# About this exercise
Repeat the records below exactly from the line containing "WY05604-00...WYOMING - Climber's" to the line containing "A beautiful snapshot", taking in both of those lines. Drop the pictures.

# Source information
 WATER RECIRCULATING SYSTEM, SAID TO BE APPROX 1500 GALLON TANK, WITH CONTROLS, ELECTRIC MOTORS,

...

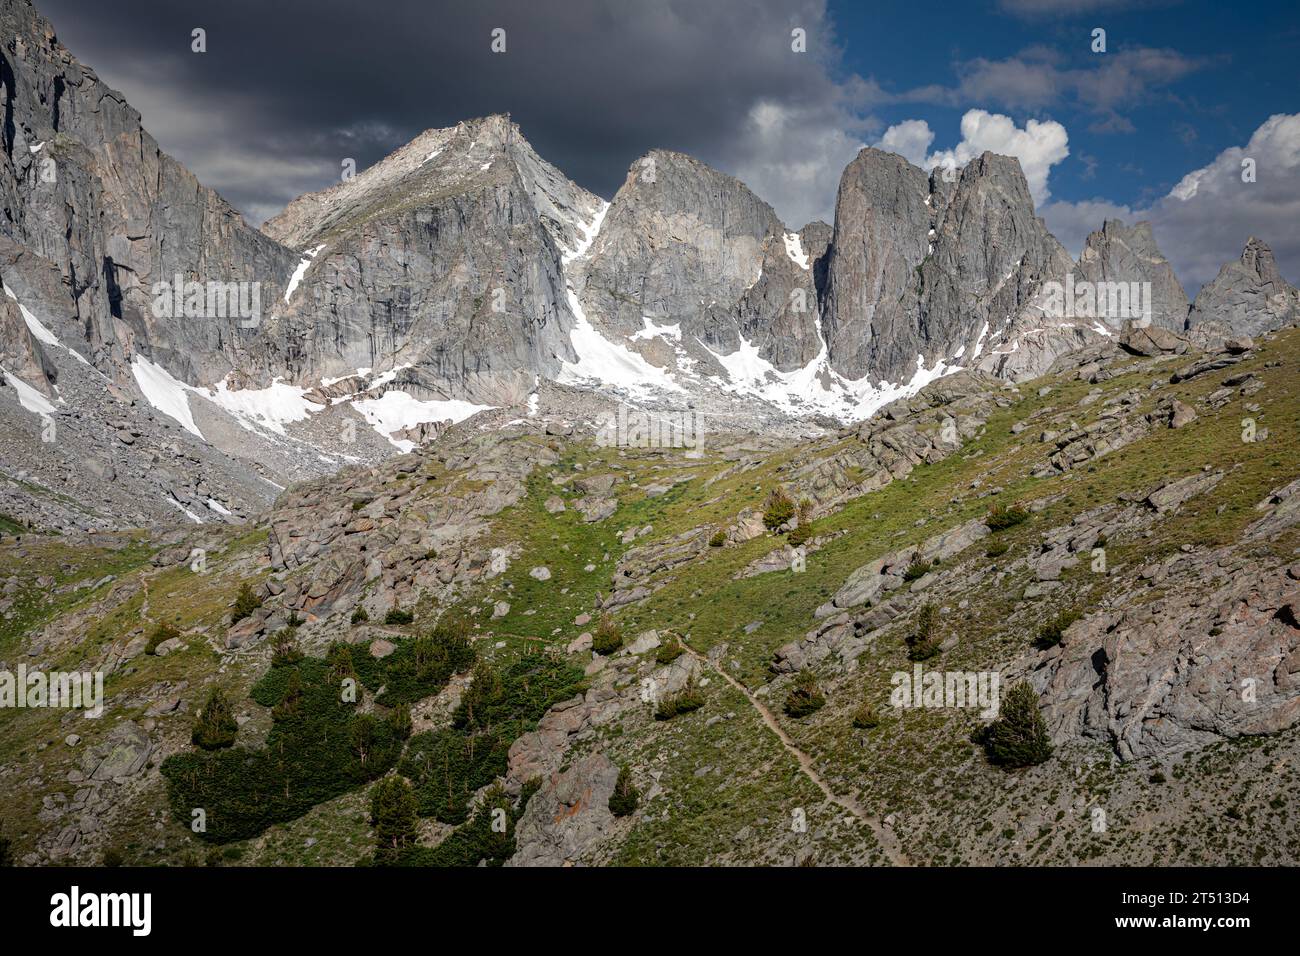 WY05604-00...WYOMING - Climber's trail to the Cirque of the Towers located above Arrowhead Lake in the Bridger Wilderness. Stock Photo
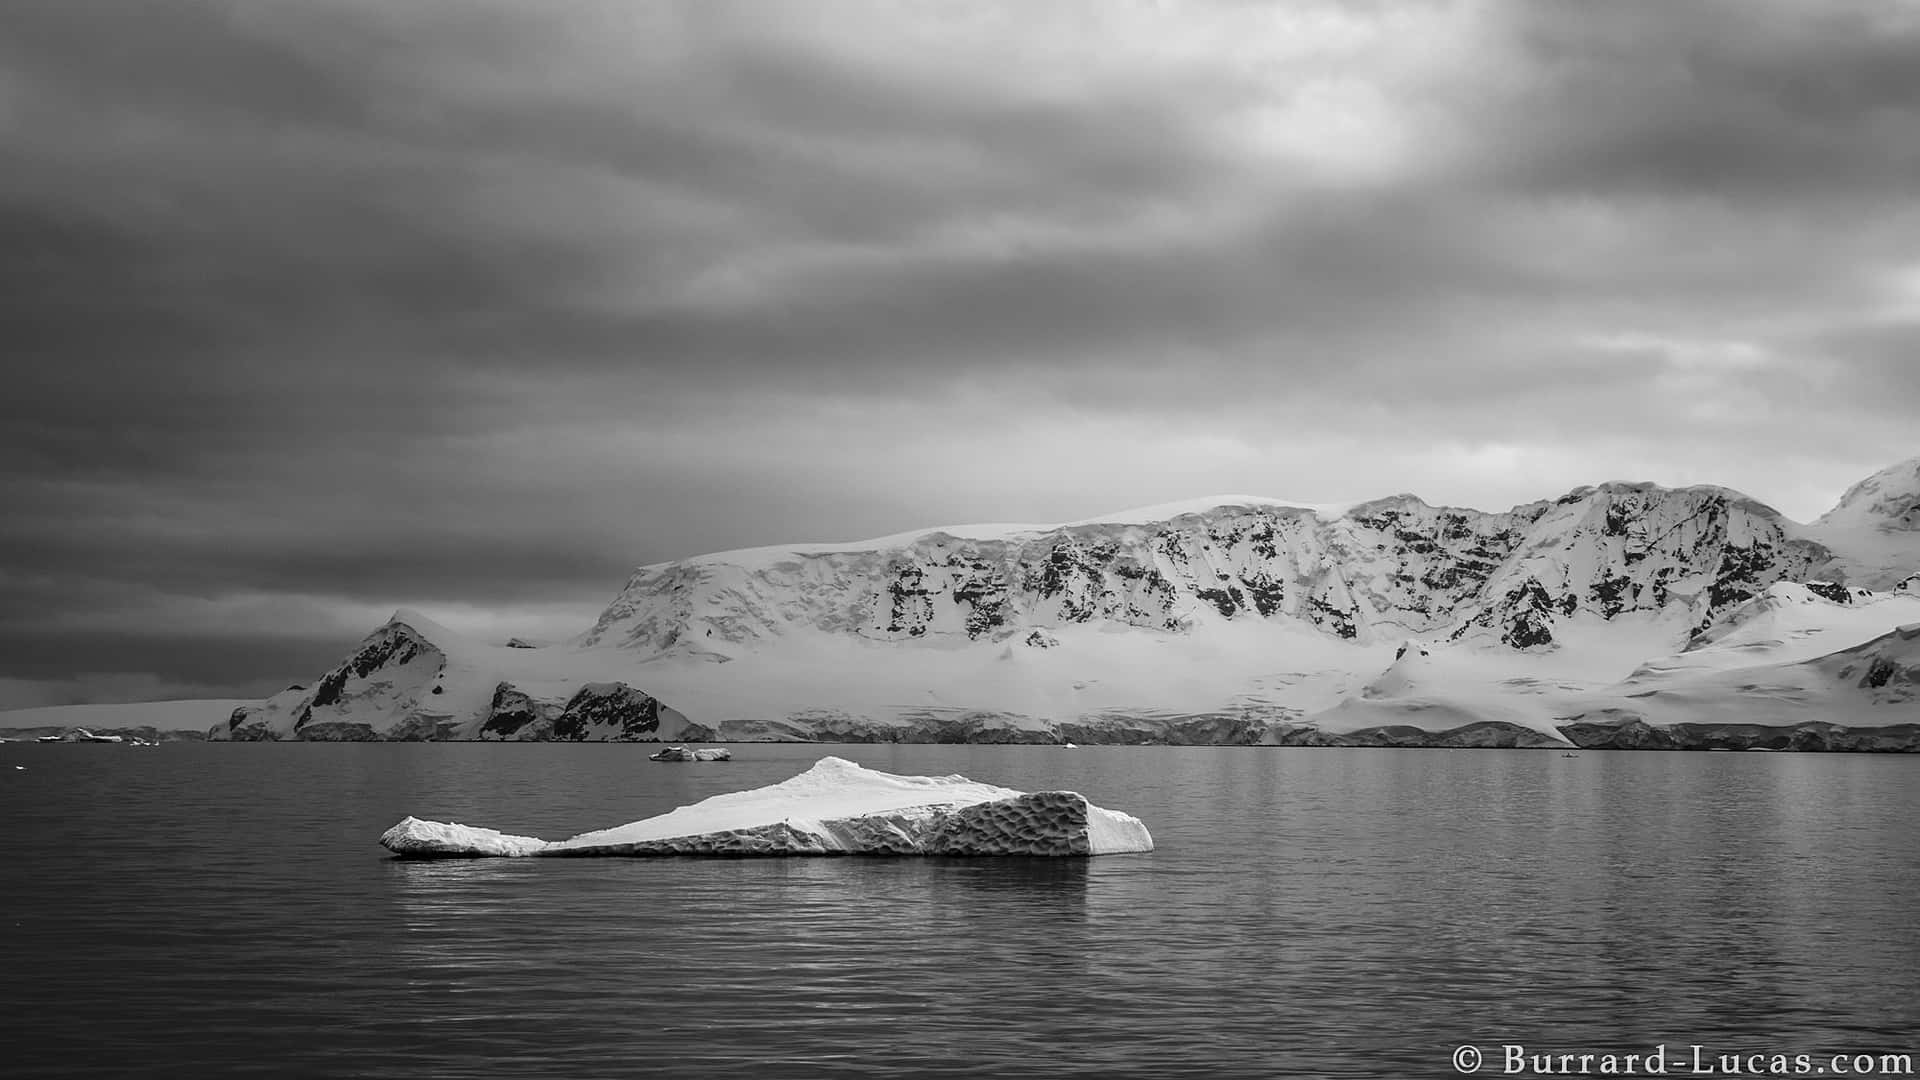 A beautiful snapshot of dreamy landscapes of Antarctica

# Result below
 WY05604-00...WYOMING - Climber's trail to the Cirque of the Towers located above Arrowhead Lake in the Bridger Wilderness. Stock Photo
 A beautiful snapshot of dreamy landscapes of Antarctica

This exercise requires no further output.